Below is a listing to write out in full, exactly as given, without its pictures.

(RECORDED DATA)

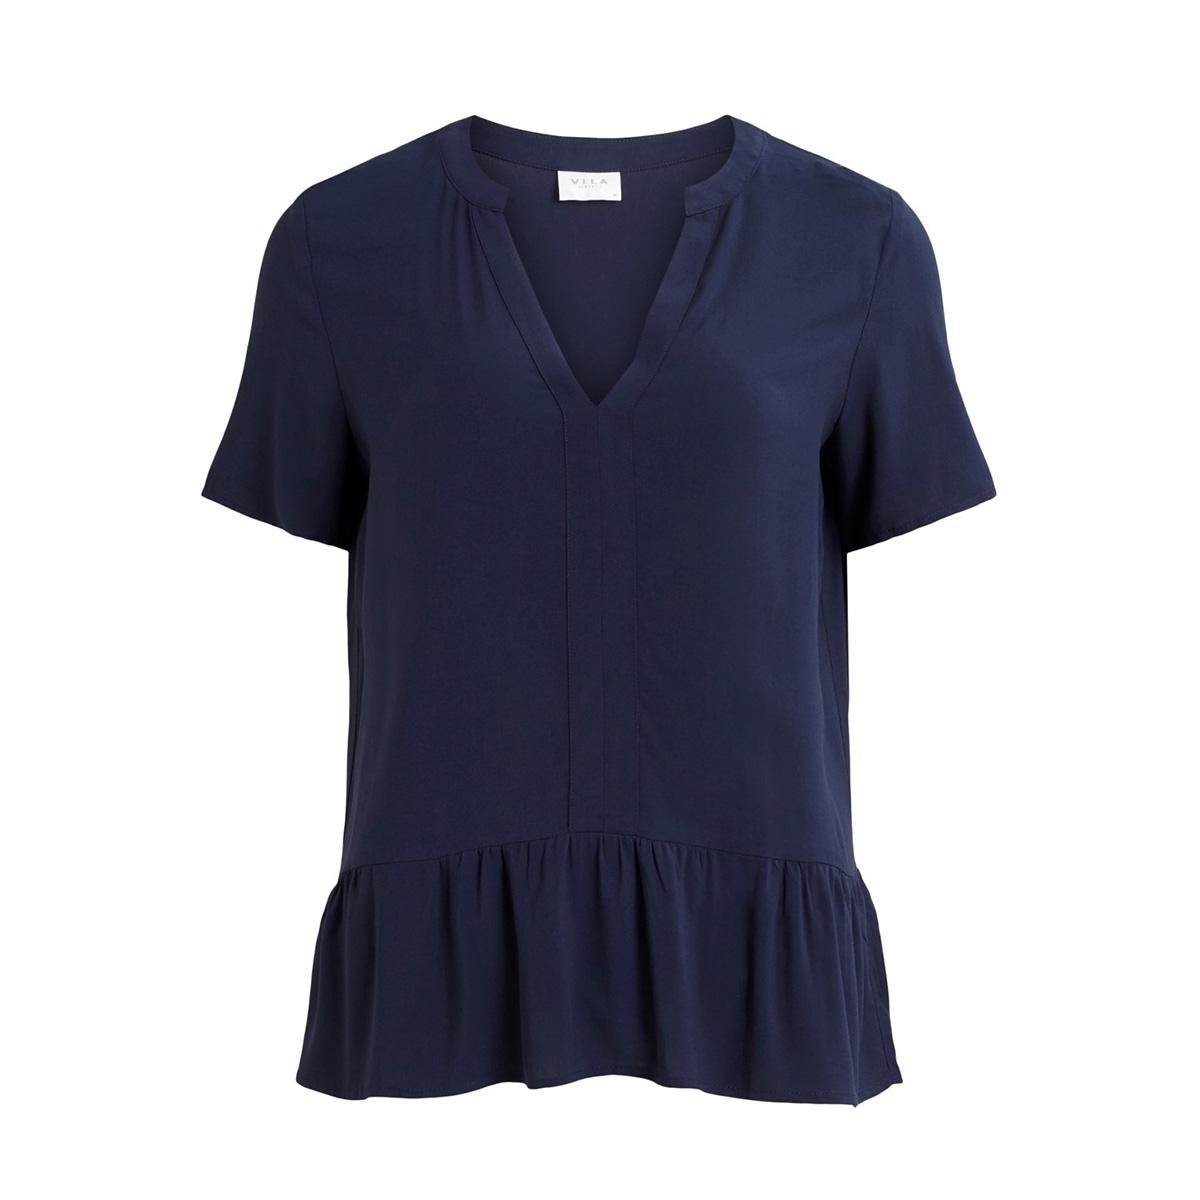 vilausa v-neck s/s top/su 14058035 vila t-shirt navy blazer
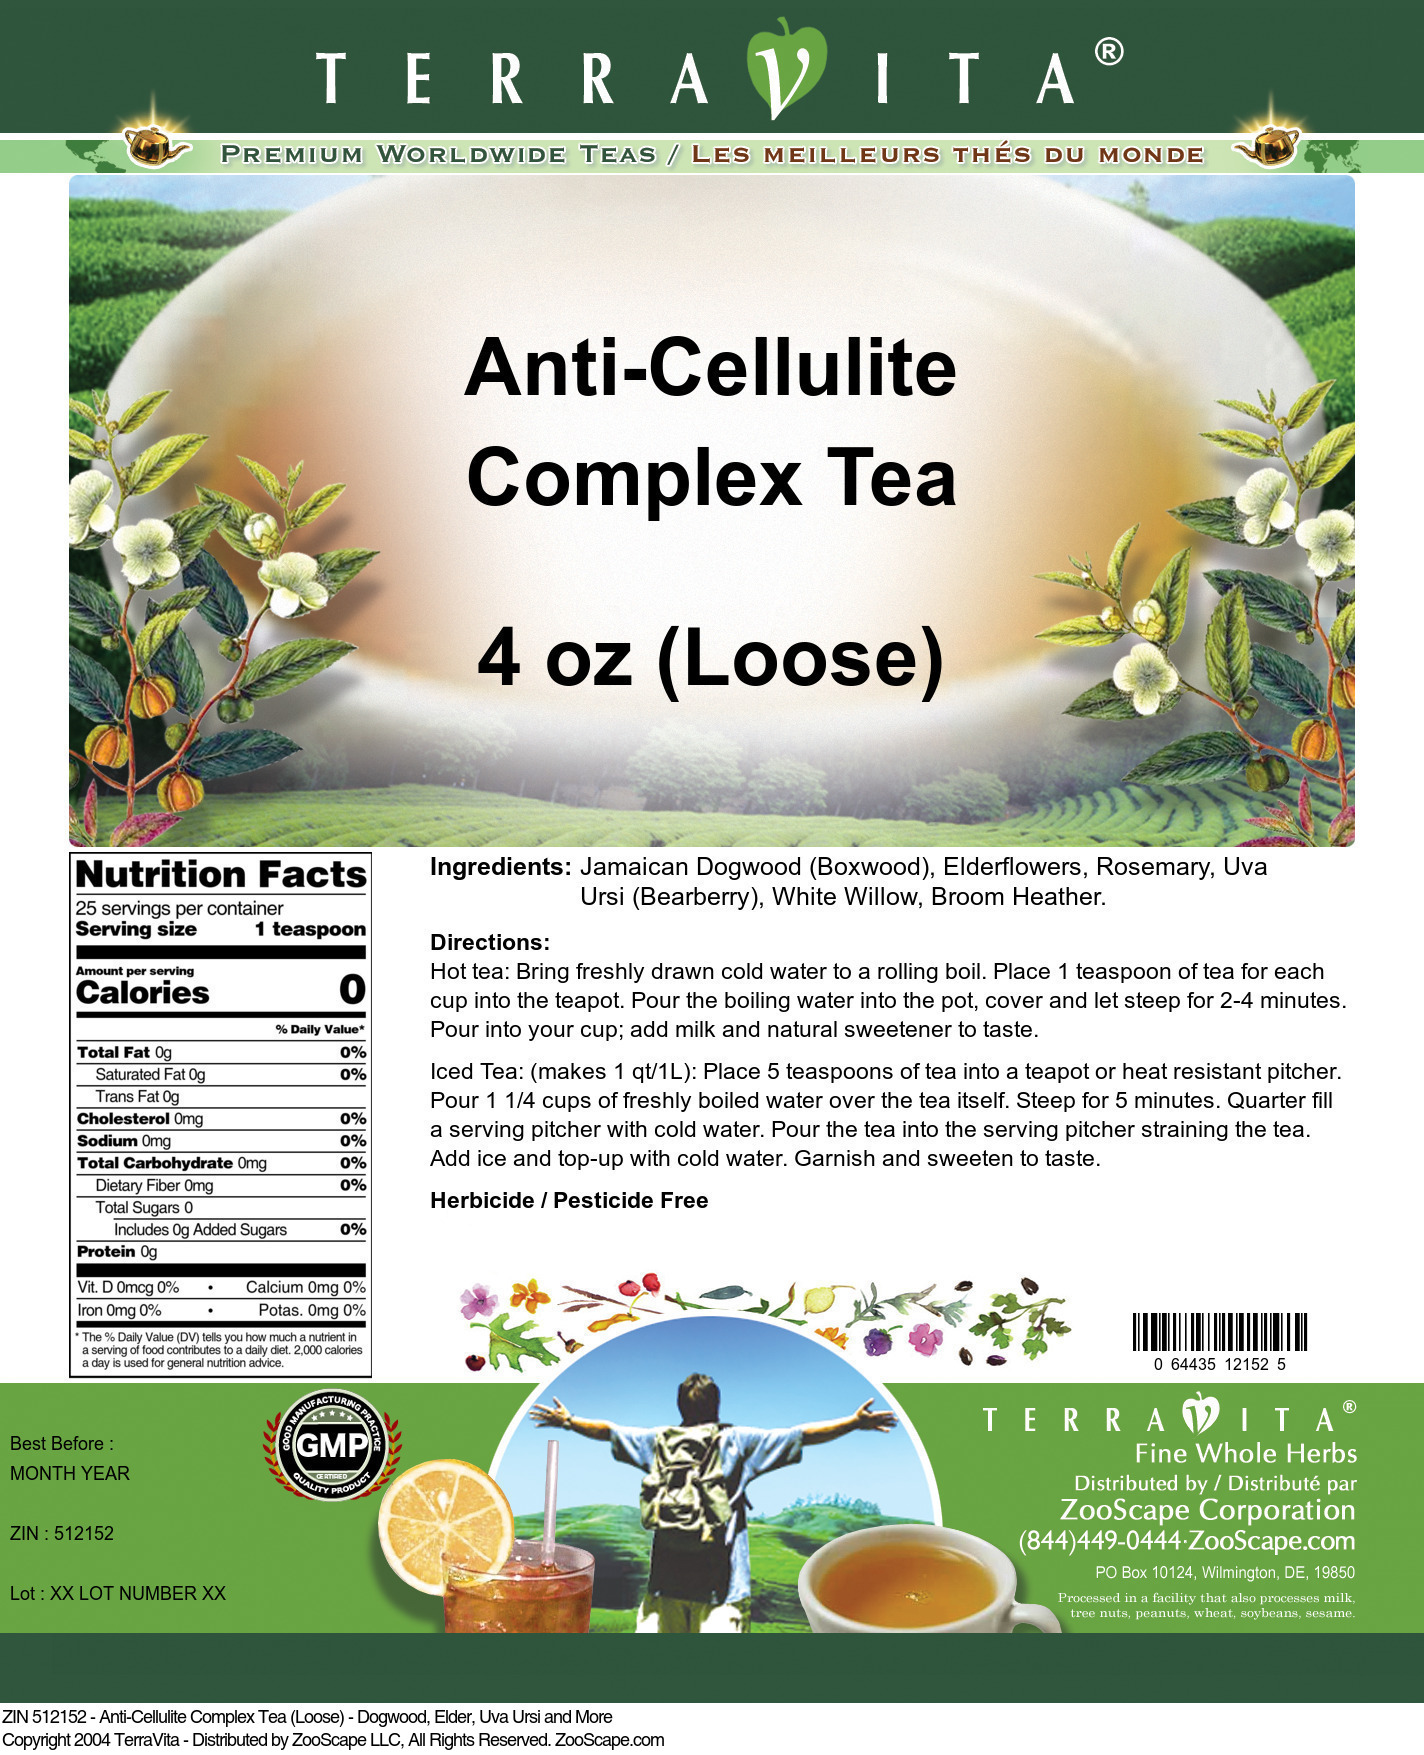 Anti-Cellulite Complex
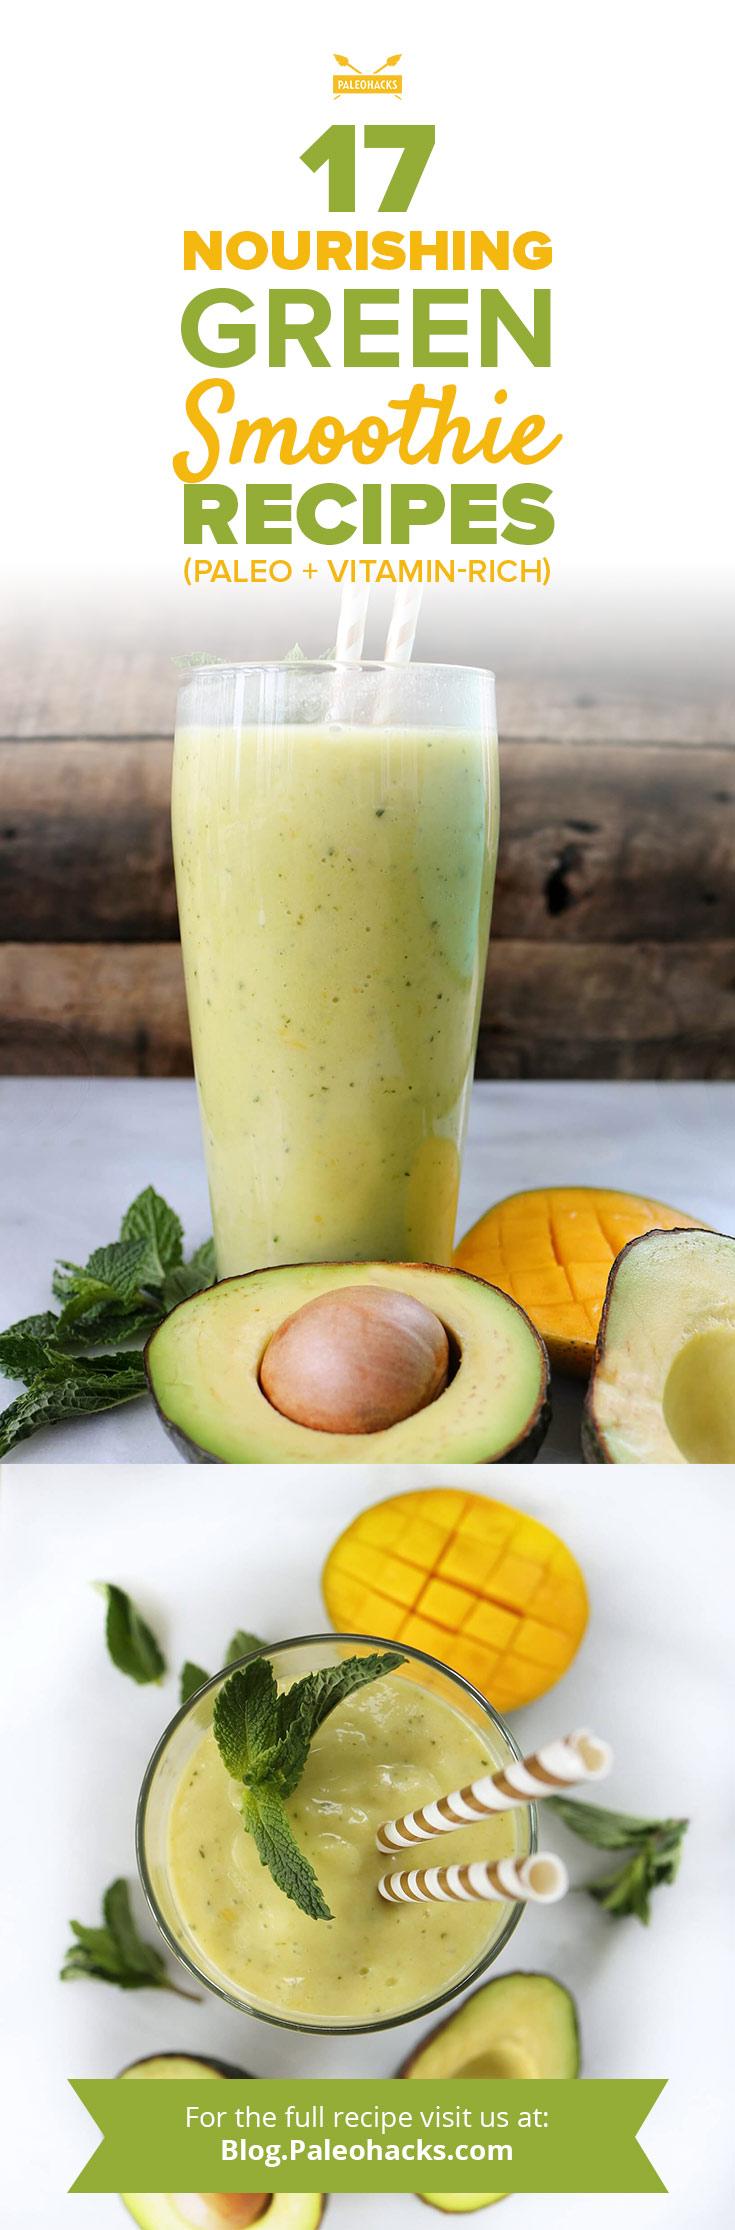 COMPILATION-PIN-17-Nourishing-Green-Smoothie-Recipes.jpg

(End RECORDED DATA)

**TASK SOLUTION**
 vilausa v-neck s/s top/su 14058035 vila t-shirt navy blazer
 Anti-Cellulite Complex
 COMPILATION-PIN-17-Nourishing-Green-Smoothie-Recipes.jpg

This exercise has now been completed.